Unfortunately that’s not quite what I need. You’re adding two (4,1) arrays together. Which is possible in a variety of ways. Converting them both to pl.Series is a good solution actually.

But as you noted I messed up copy-pasting my code somehow. And it’s very core to my problem that I need to add a (1,N) array to a (M,1) array.

So that would be

from datetime import UTC, datetime, timedelta

import numpy as np
import polars as pl

start = datetime(2025, 4, 1, 15, 0, tzinfo=UTC)
series_1 = pl.Series(
    "datetime_3pm",
    [start + timedelta(minutes=30 * i) for i in range(4)]
)
print(series_1)
array = np.array([timedelta(minutes=30 * i) for i in range(4)], dtype=np.timedelta64).reshape((1, 4))
print(series_1 + array)

which raises InvalidOperationError: cannot cast Array type (inner: 'Int64', to: 'Duration(Microseconds)')

Interestingly even

from datetime import UTC, datetime, timedelta

import numpy as np
import polars as pl

start = datetime(2025, 4, 1, 15, 0, tzinfo=UTC)
series_1 = pl.Series(
    "datetime_3pm",
    [start + timedelta(minutes=30 * i) for i in range(4)]
)
print(series_1)
array = np.array([timedelta(minutes=30 * i) for i in range(4)], dtype=np.timedelta64).reshape((1, 4))
(series_1.cast(int) + array)

raises InvalidOperationError: cannot cast Array type (inner: 'Int64', to: 'Duration(Microseconds)'), so I think that has to happen when polars tries to implicitly convert the numpy. Indeed pl.Series(np.array([timedelta(minutes=30 * i) for i in range(4)], dtype=np.timedelta64).reshape((1, 4)), dtype=pl.Duration("us")) raises the same error. But so does pl.Series(np.array([timedelta(minutes=30 * i) for i in range(4)], dtype=np.timedelta64).reshape((1, 4)), dtype=pl.Int64).

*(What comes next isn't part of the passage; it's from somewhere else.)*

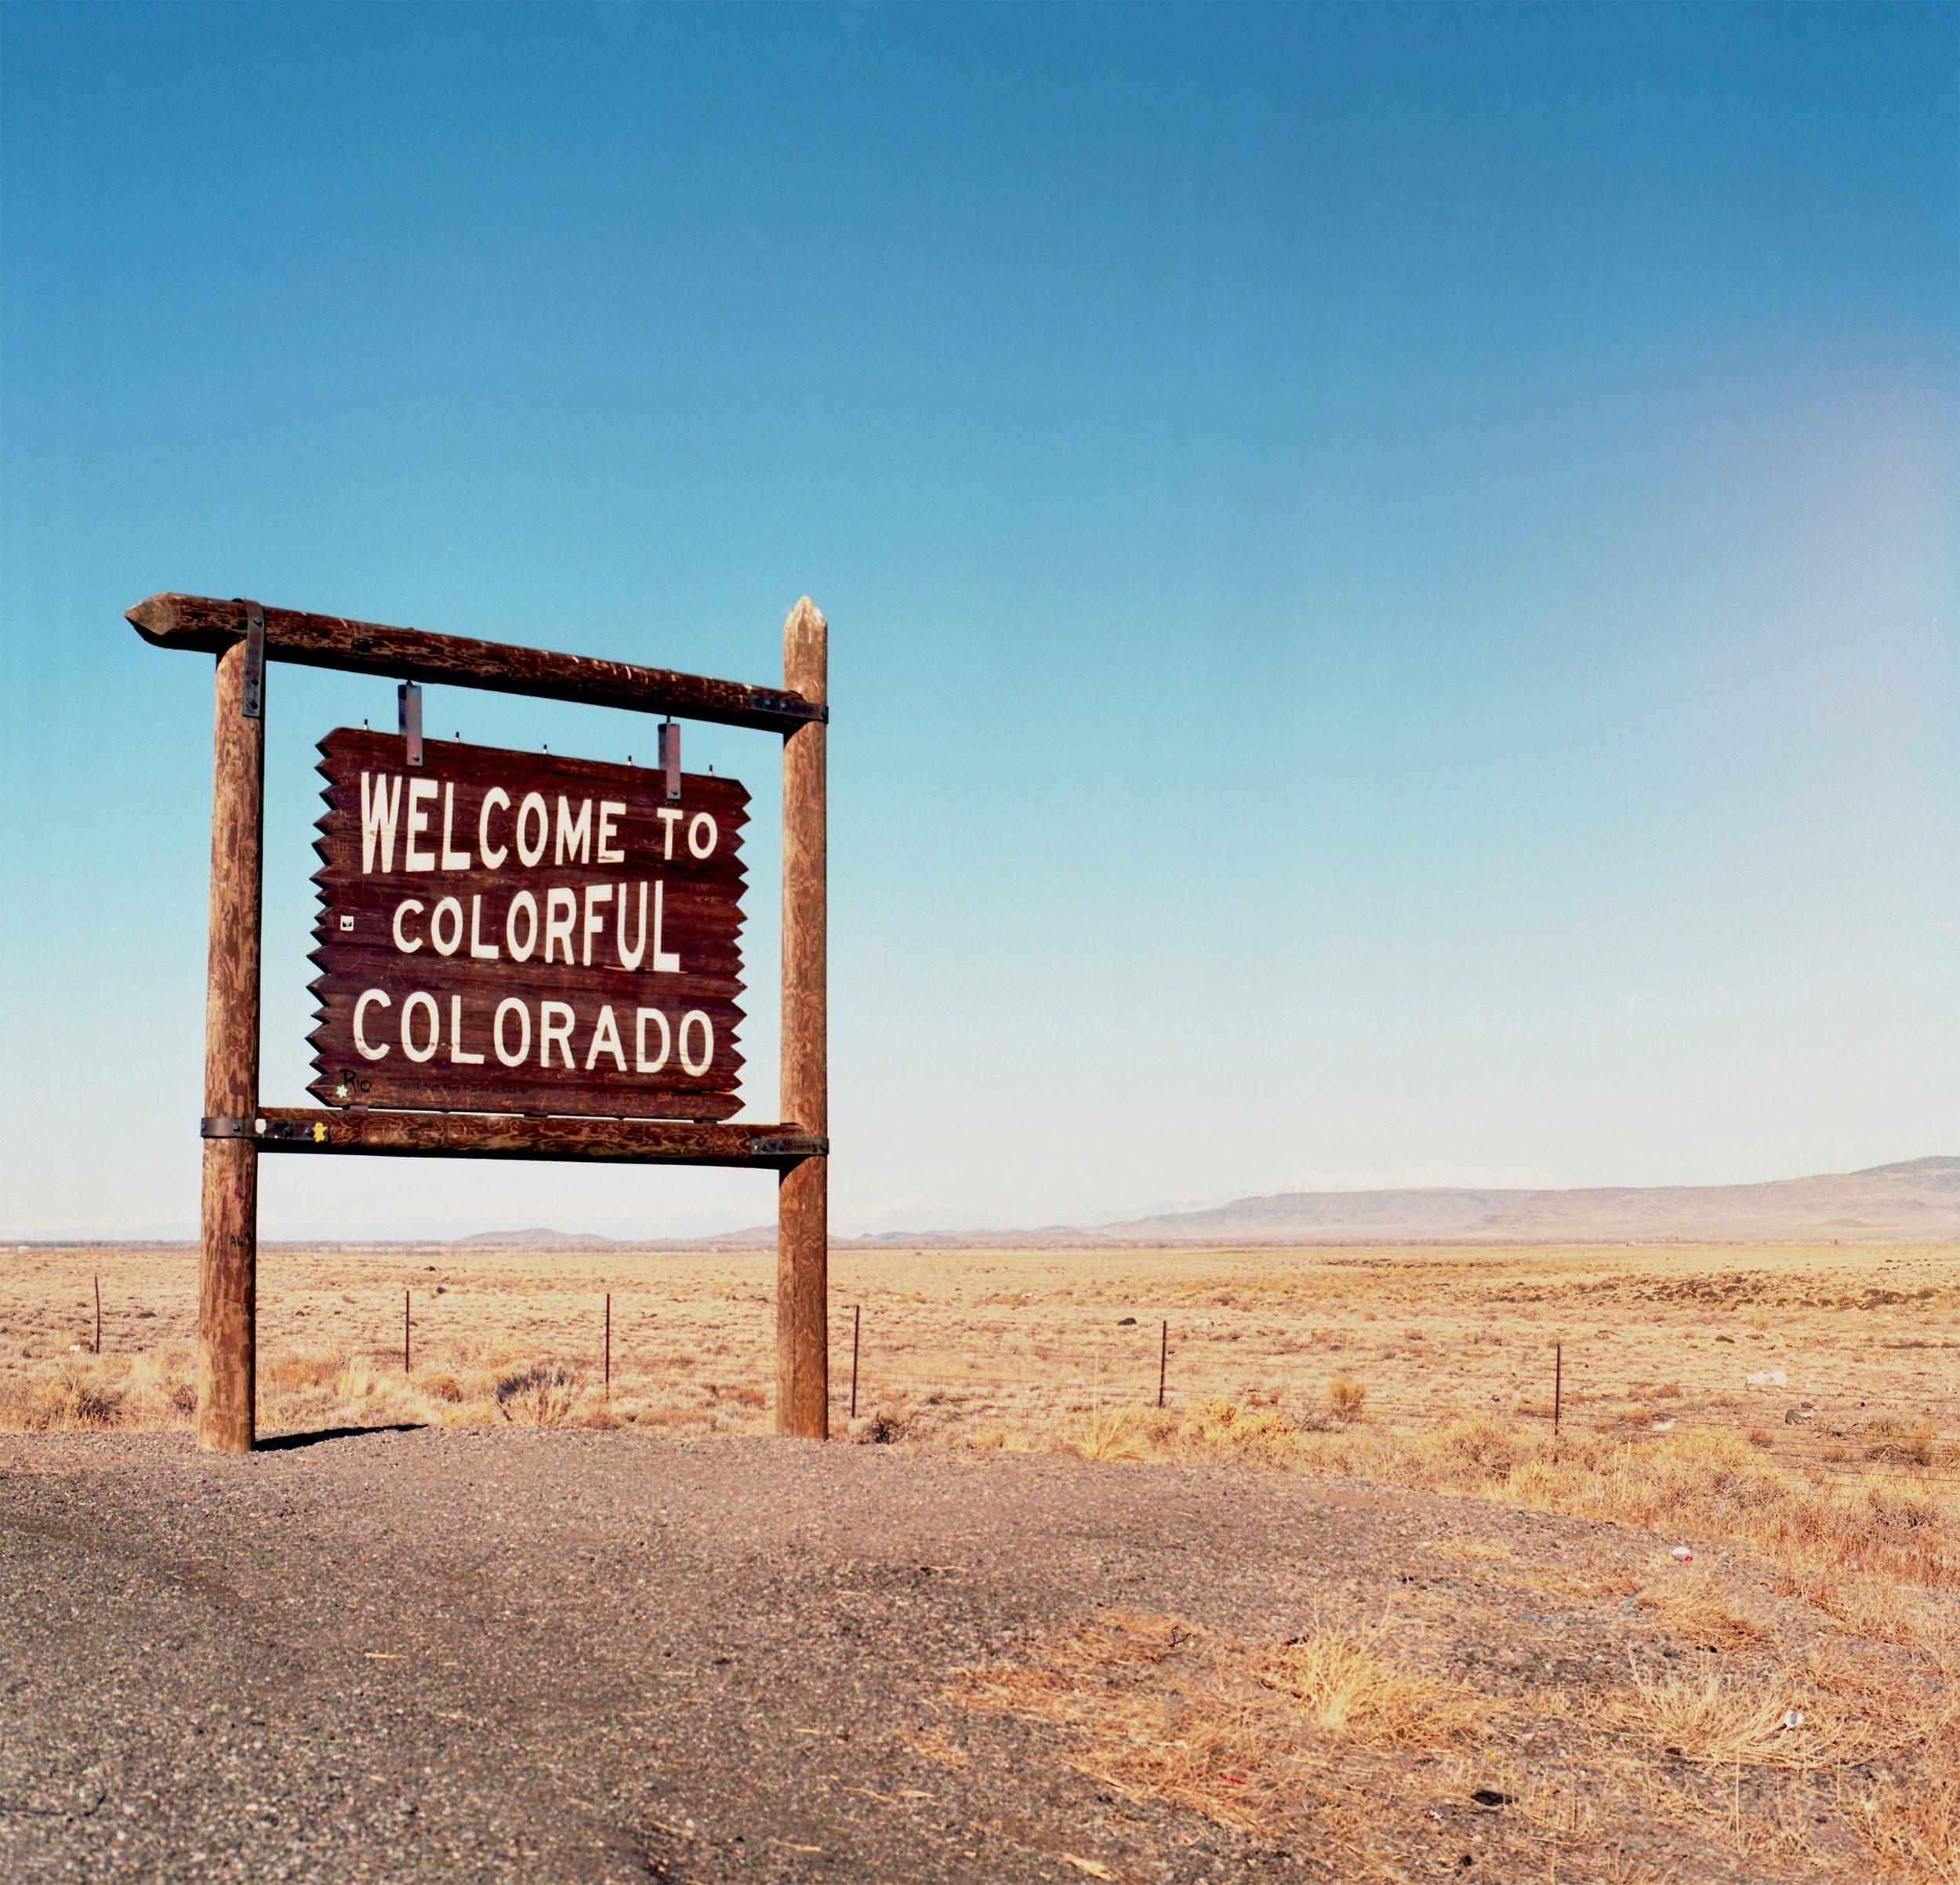 loge comes to breckenridge colorado - Kait Herzog photo

pl.Series(np.array([i for i in range(4)]).reshape((1, 4))) works fine.

pl.Series(np.array([i for i in range(4)]).reshape((1, 4))).cast(pl.Array(pl.Duration("us"), 4))

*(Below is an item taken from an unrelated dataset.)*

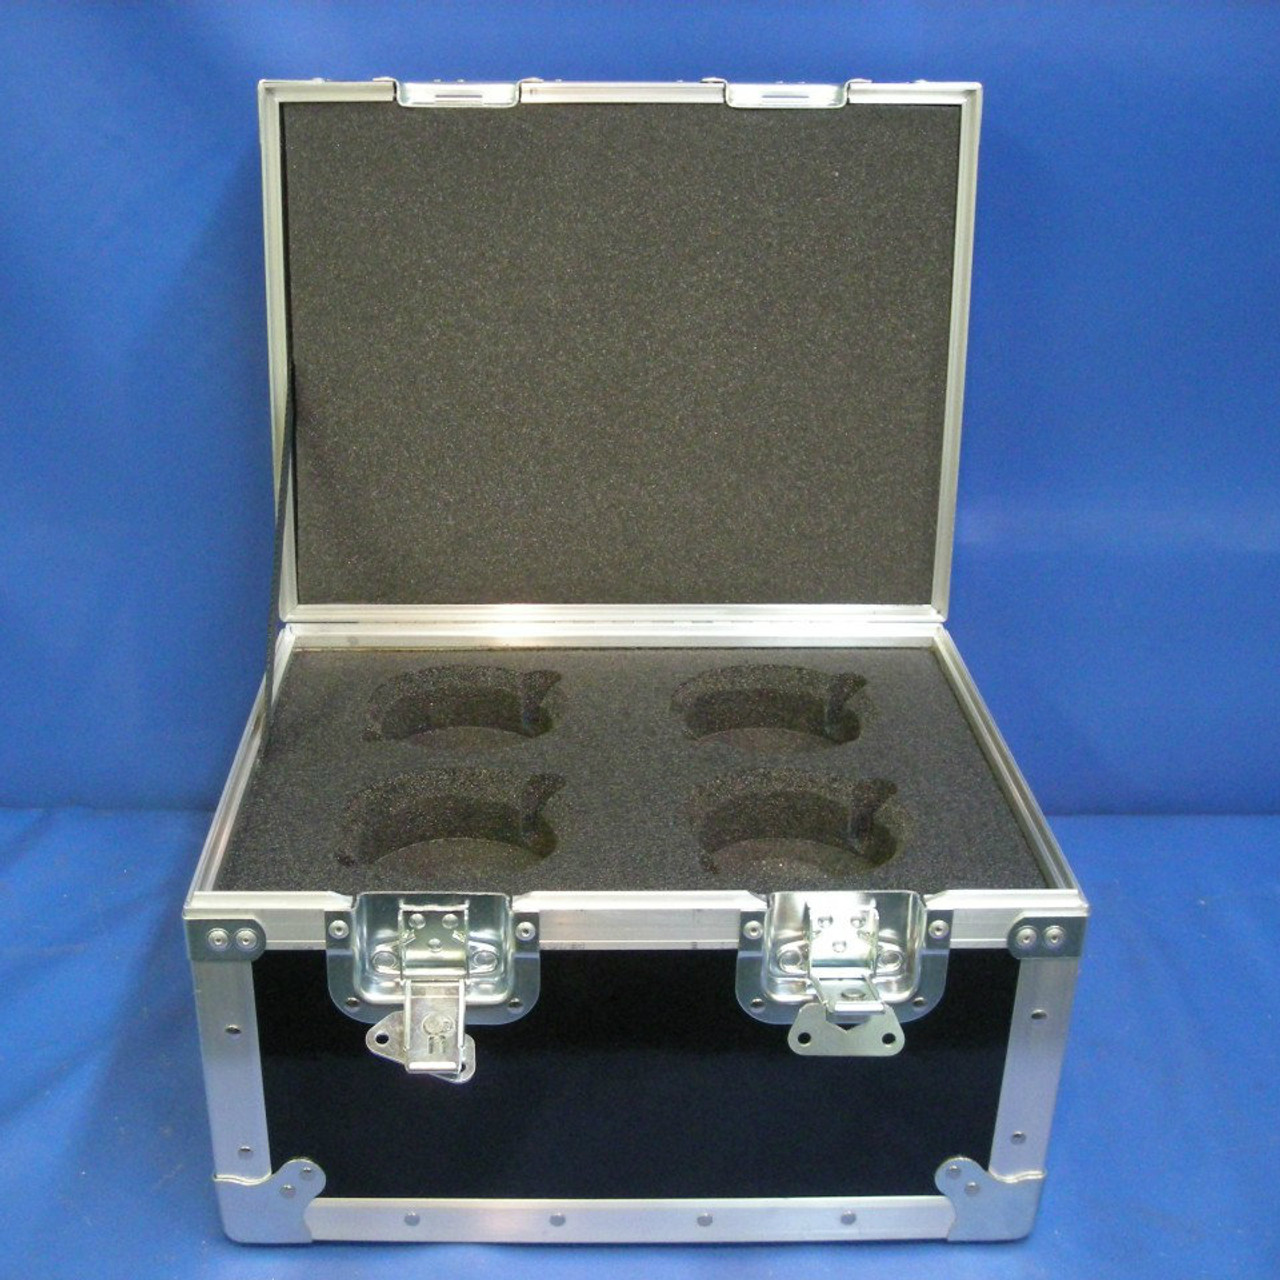 Arri Ultra Prime (4 Position) Custom ATA Shipping Case - Interior View Lid

works, which I only found because I was thinking about your reply.

As does

array = pl.Series(np.array([i*timedelta(minutes=15).total_seconds()*10**6 for i in range(4)]).reshape((1, 4))).cast(pl.Array(pl.Duration("us"), 4))
array

but

from datetime import UTC, datetime, timedelta

import numpy as np
import polars as pl

start = datetime(2025, 4, 1, 15, 0, tzinfo=UTC)
series_1 = pl.Series(
    "datetime_3pm",
    [start + timedelta(minutes=30 * i) for i in range(4)]
)
print(series_1)
array = pl.Series(np.array([i*timedelta(minutes=15).total_seconds()*10**6 for i in range(4)]).reshape((1, 4))).cast(pl.Array(pl.Duration("us"), 4))
print(series_1 + array)

once again results in ComputeError: cannot add non-numeric inner dtypes: (left: datetime[μs, UTC], right: duration[μs]). Which looks like BS. What else is duration[μs] for, if not to add it to datetime[μs, <timezone>] ?!